Problem requirements: Exactly the lines from the one containing "Naveen shows Tiana" through the final line of the data below, with pictures omitted, make up the answer.

Collected data:
*** Block opens ***
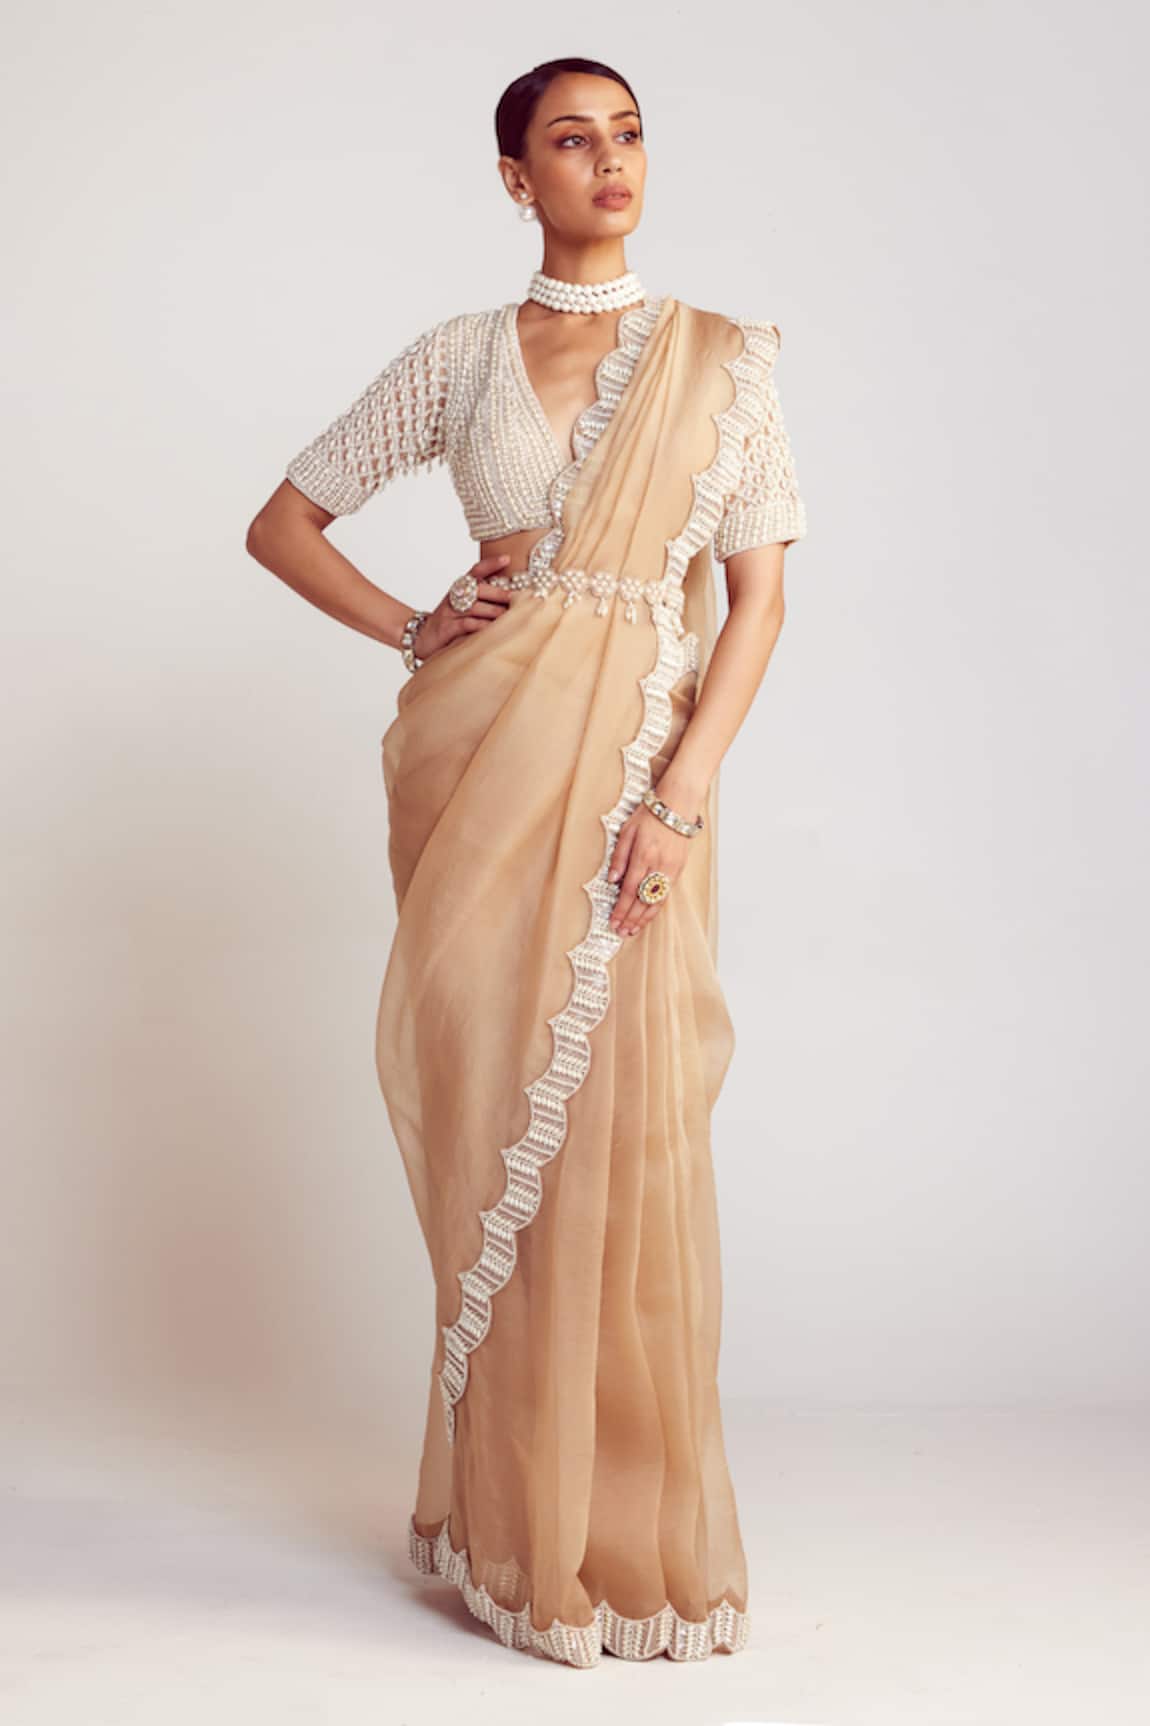 Vvani by Vani Vats Saree With Pearl Drop Embellished Blouse
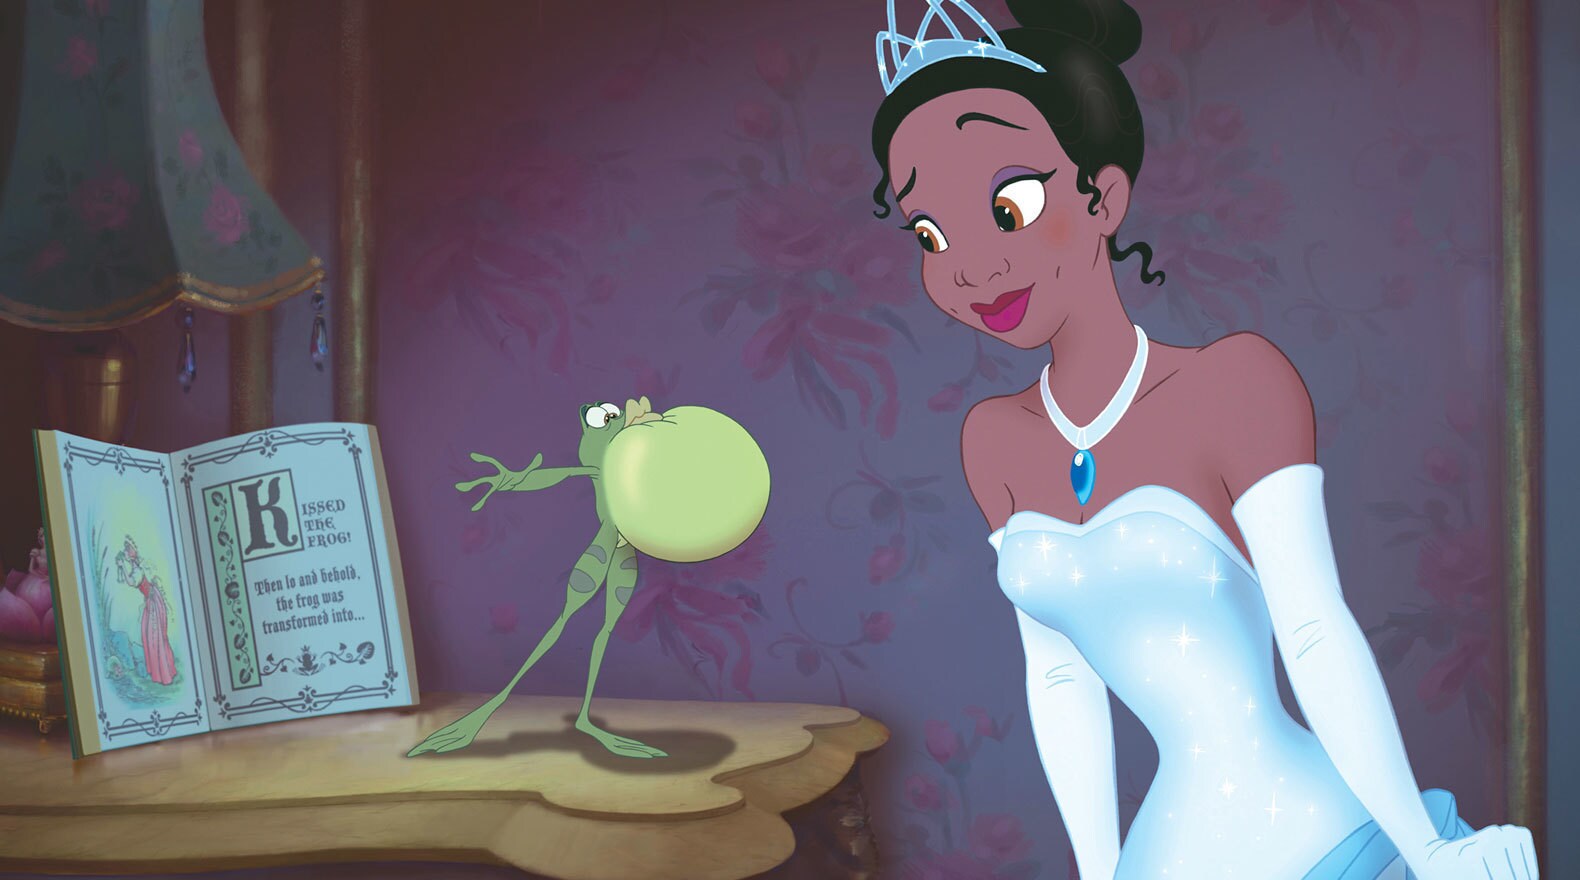 Naveen shows Tiana that perhaps their love is actually written in a storybook.
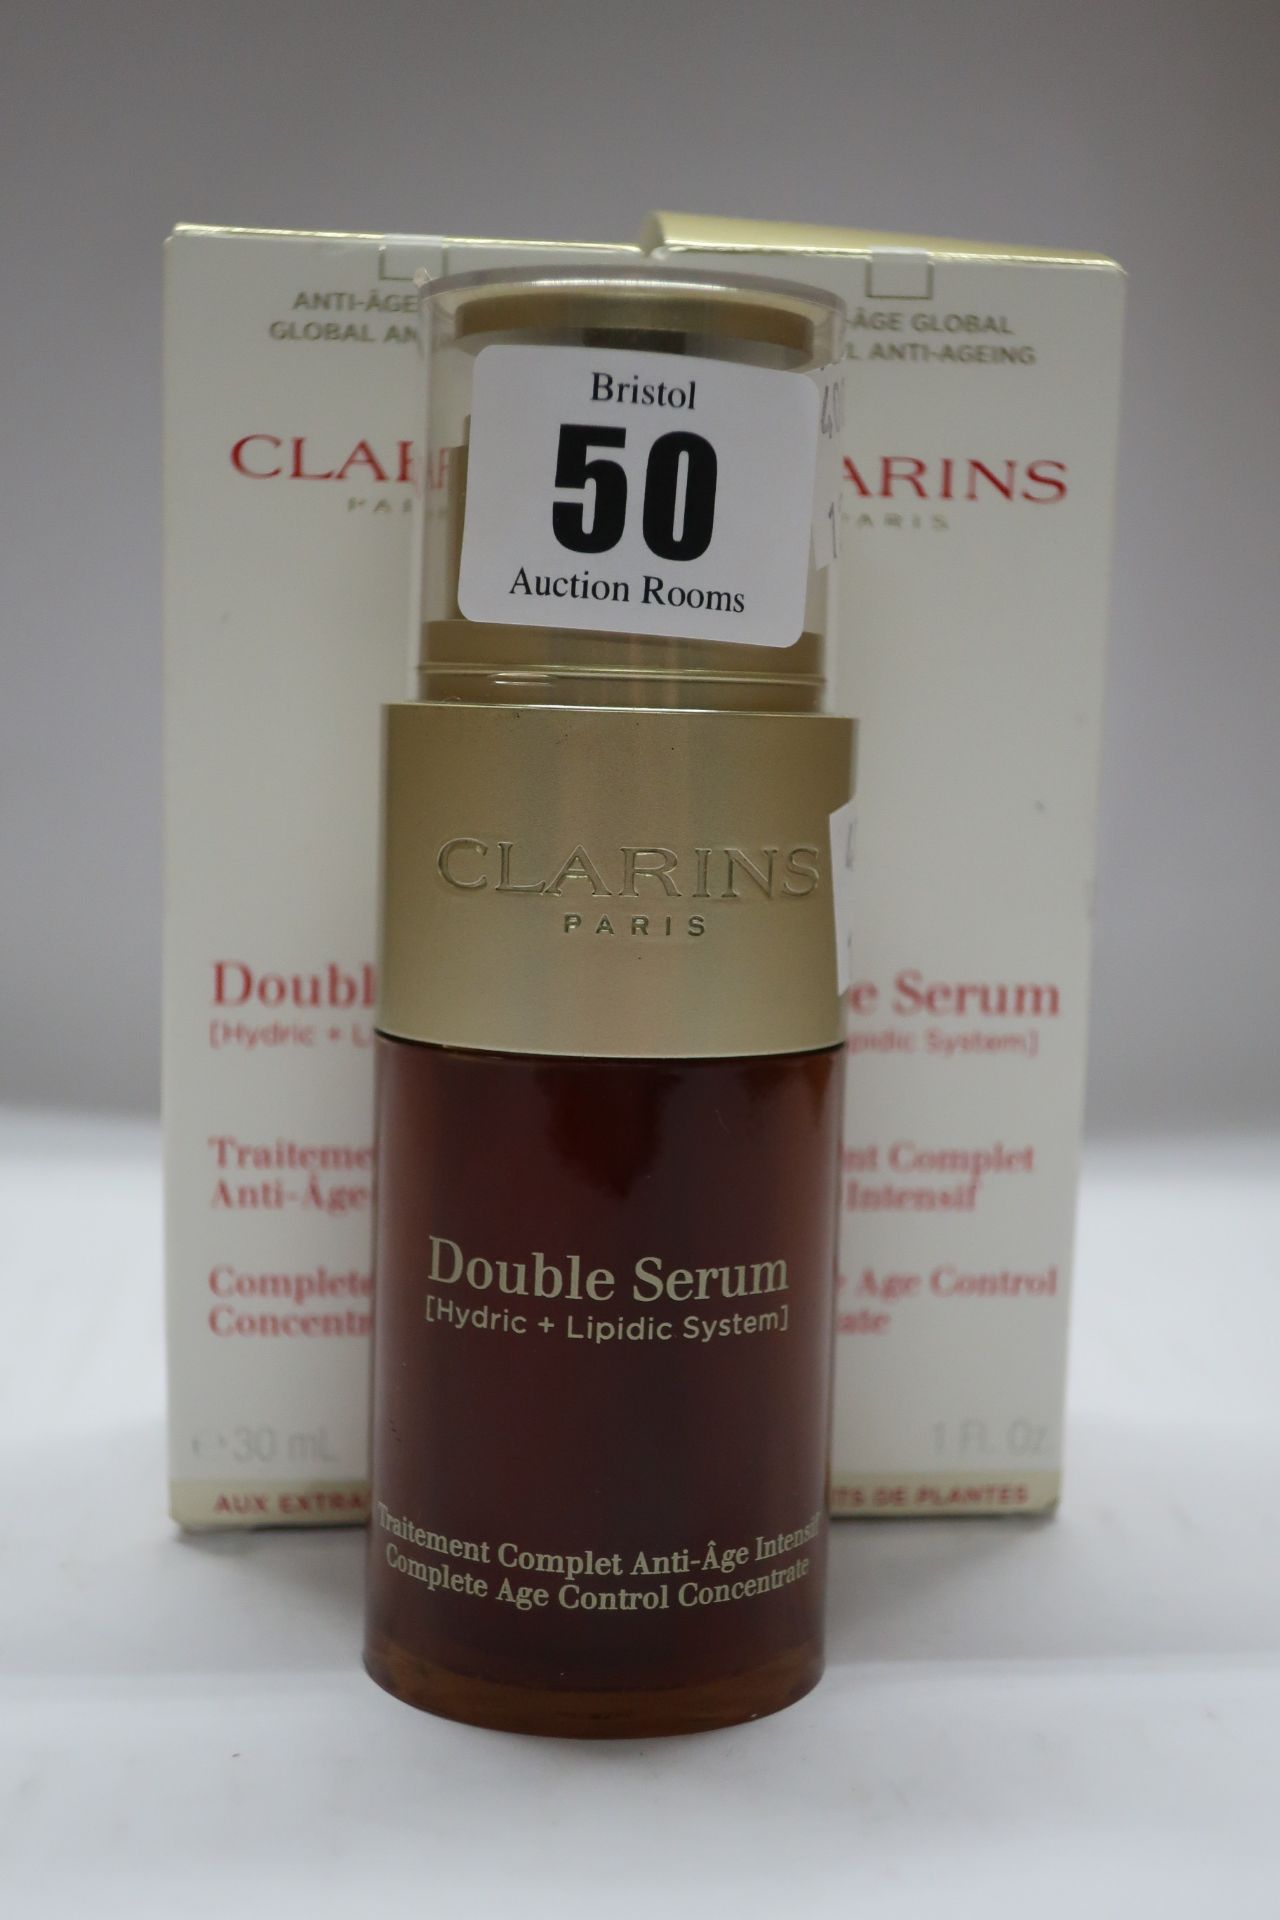 Three Clarins double serum complete age control concentrate (30ml).
*** Block closes ***
Solution for this exercise:
 Naveen shows Tiana that perhaps their love is actually written in a storybook.
 Three Clarins double serum complete age control concentrate (30ml).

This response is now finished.